Once you have a version that fits, practise saying it without the script. Not memorised word for word – that sounds robotic and falls apart if you lose your place. Aim for a version you know well enough that you can deliver it naturally, adapt it slightly depending on context, and stop at three minutes without having to rush.
Practise it on someone who doesn't know your research. If they can follow it, you're there. If they look confused, you need to go again. For a broader look at how to structure your viva preparation, see our [comprehensive viva preparation guide](https://vivacoach.ai/blog/how-to-prepare-for-your-viva-a-comprehensive-guide).
Writing a good summary is one thing. Delivering it under pressure is another. The gap between the two is closed only by practice, and most candidates don't do nearly enough of it.
Start by recording yourself. It's uncomfortable, but it's the fastest way to hear what you actually sound like. Listen for filler words, for hedging, for the moments where your confidence dips. Most people speak faster when they're nervous, so a summary that comes in at three minutes in your kitchen might run to two minutes twenty in the viva room. Account for that.
Then practise with someone outside your field. Give them no context. Just deliver the summary and ask them to tell you what your research is about. If they can answer that question accurately, you've done it. If they can't, you've identified exactly where the gaps are – either in clarity, structure, or assuming too much shared knowledge. Or you might need to find smarter friends (jk).
The other thing worth doing is practising your summary as the opening to a longer session. Deliver it, then answer follow-up questions. This is the closest thing to the real viva experience you can manufacture on your own – and it's exactly what [VivaCoach](https://vivacoach.ai) is built for. Upload your thesis, deliver your opening summary, and let the examiner scrutinise it. You'll quickly find out whether your three minutes holds up when the questions start coming.
A viva summary is slightly different from a public-facing 3MT. Your examiner knows the field, so you don't need to over-explain basic concepts.
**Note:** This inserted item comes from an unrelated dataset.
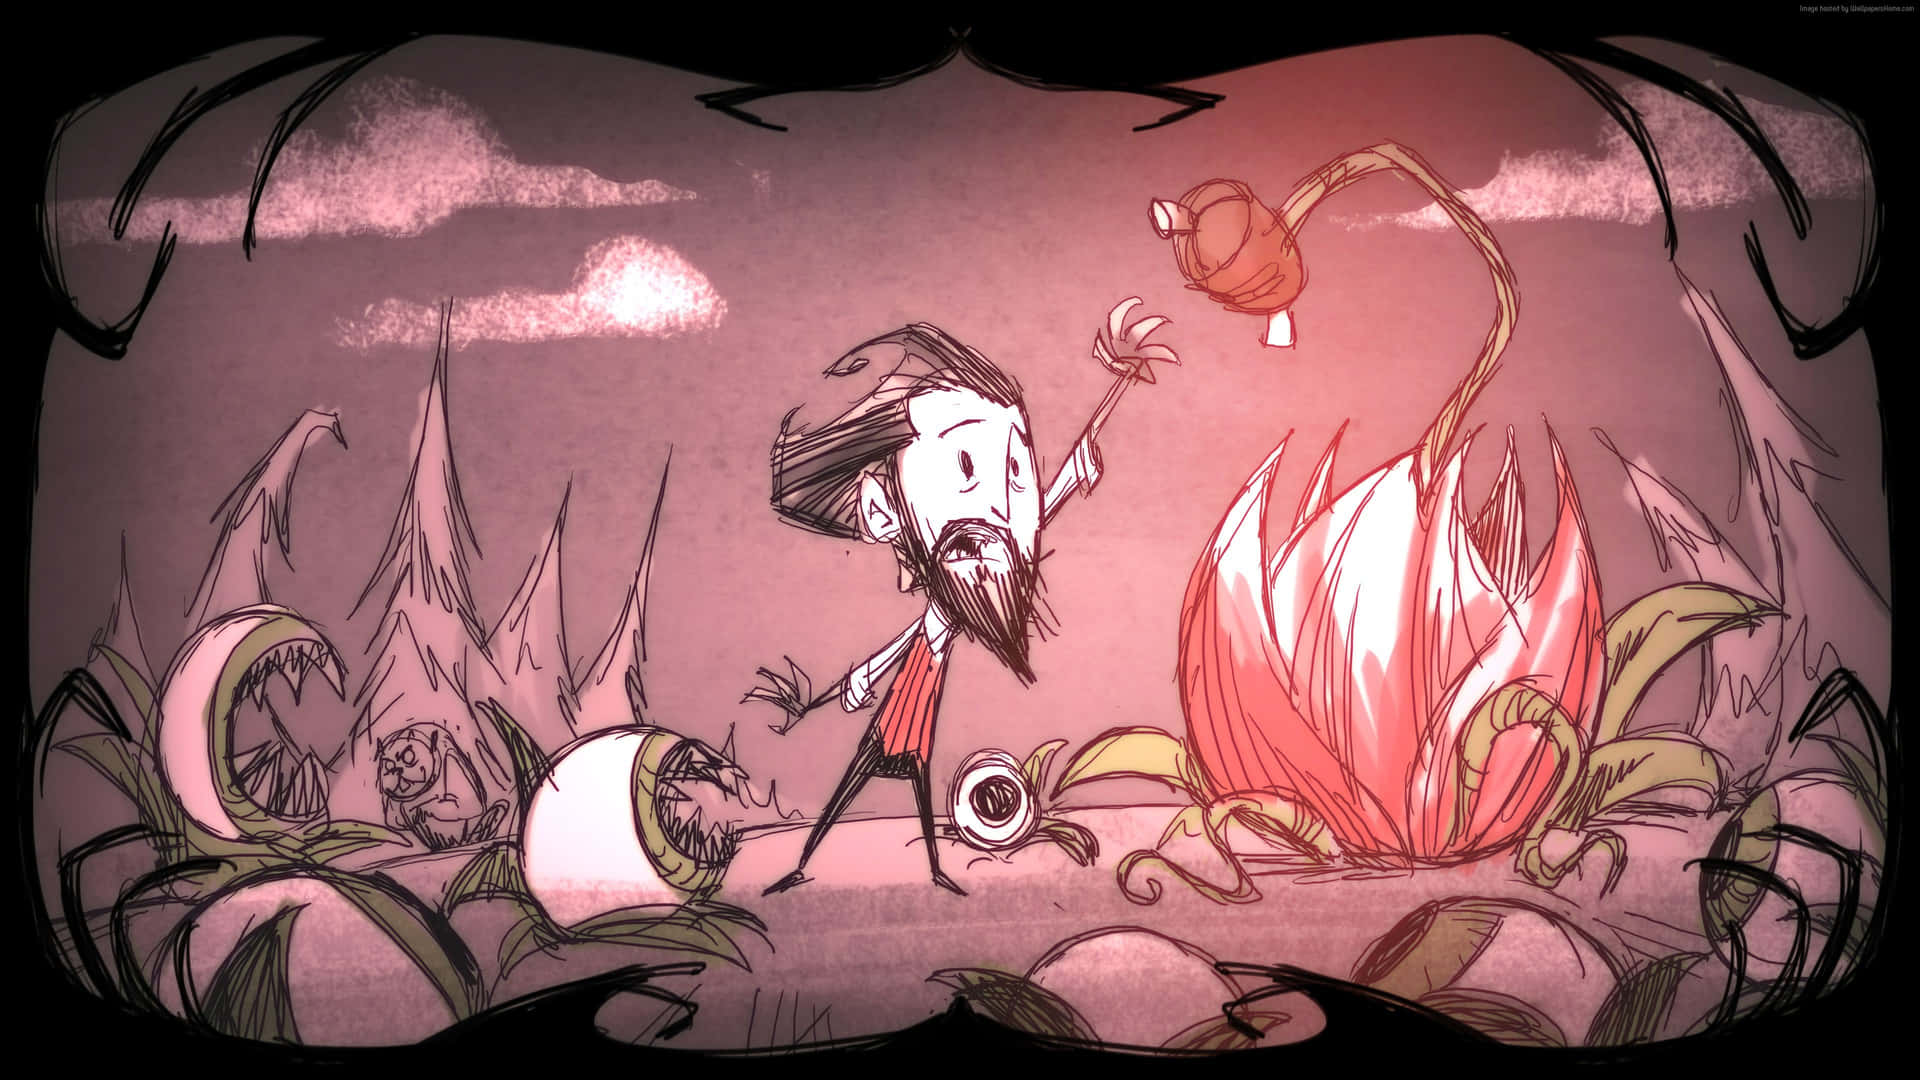 An Endless Adventure Awaits You in Don't Starve Wallpaper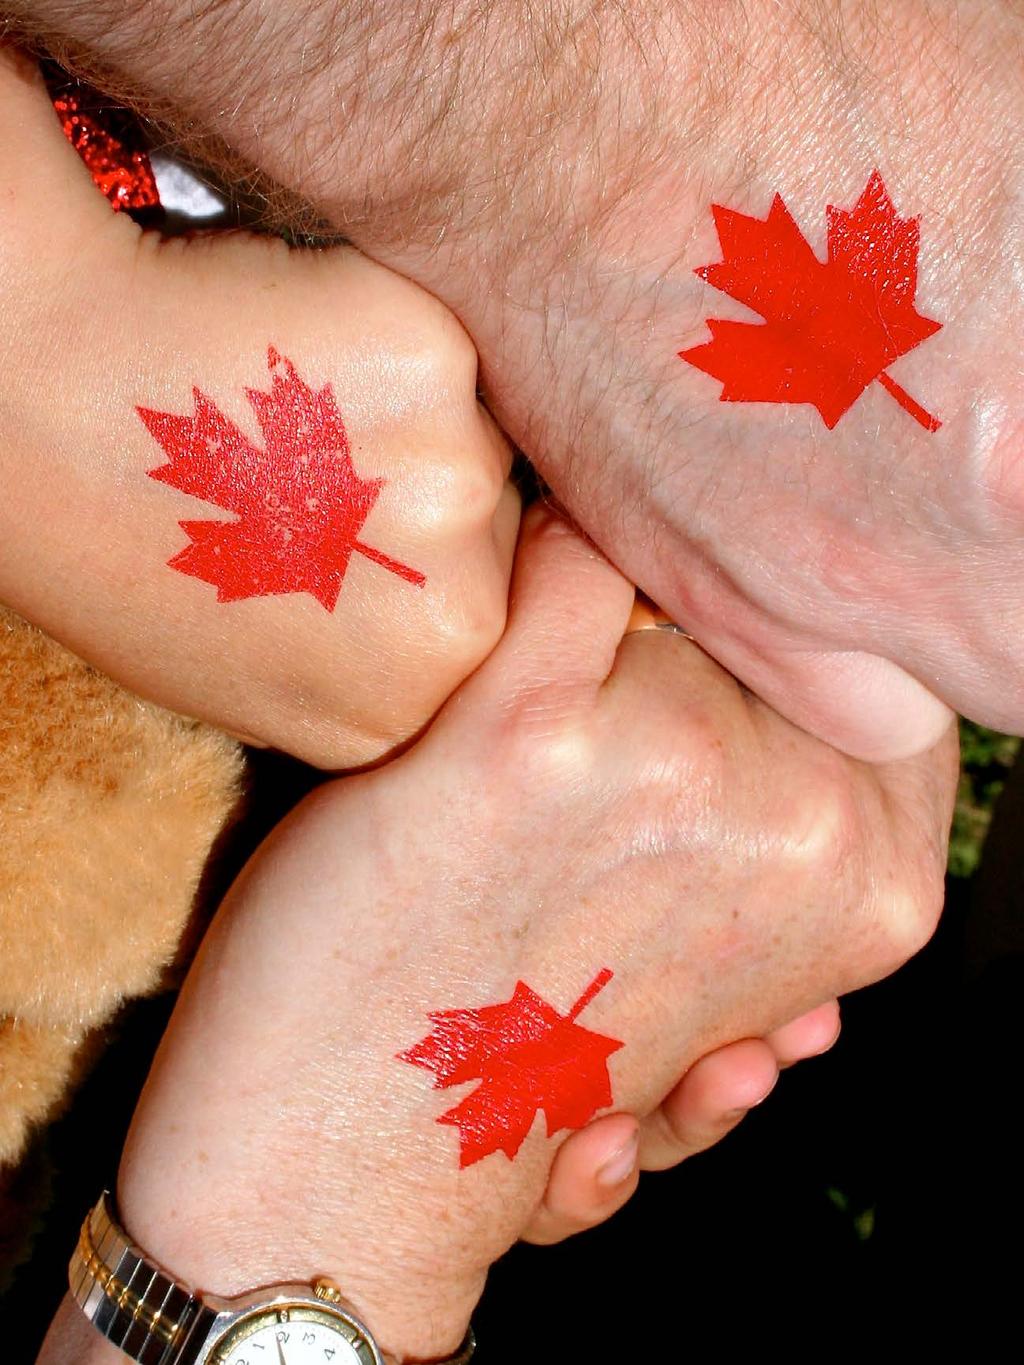 Canada Day July 1 A federal statutory holiday, Canada Day celebrates the anniversary of the July 1, 1867 enactment

What they want to hear in those first three minutes is that you understand your own work clearly, that you can articulate its significance without prompting, and that you're not going to spend the next two hours being defensive about it.
The tone should be confident but not arrogant. You're not performing. You're answering a question from someone who has read your thesis and wants to understand how you think about it.
It happens. You're thirty seconds into your summary and the examiner cuts in with a question. It can feel destabilising, but it isn't necessarily a bad sign – it often just means they're engaged and want to follow a thread before it disappears.
Answer the question briefly and then return to where you were. Something like: "That's a good point – I'll come back to that in more detail shortly, but to finish the overview..." gives you a graceful way to complete your summary before diving into the detail.
If the examiner keeps pushing – fine. Let the summary go. You've demonstrated you had one, and the viva has simply started a little earlier than expected. What matters is that you're not thrown by it.
The best preparation for this scenario is practice under realistic conditions. If you've only ever rehearsed your summary in silence, an interruption will feel like an ambush. If you've practised with someone who asks questions mid-flow, you'll handle it without breaking stride.
After you've delivered your summary, stop. Don't fill the silence. Don't add "...but there's obviously a lot more to say." Just stop and let them respond. That pause is not awkward – it's you demonstrating that you said what you meant to say and you're ready for the next question.
That composure right at the start of the viva sets the tone for everything that follows. The strongest candidates are those who walk in knowing exactly what they want to say – and when to stop saying it. Your three minutes is your first chance to establish your authority over your material.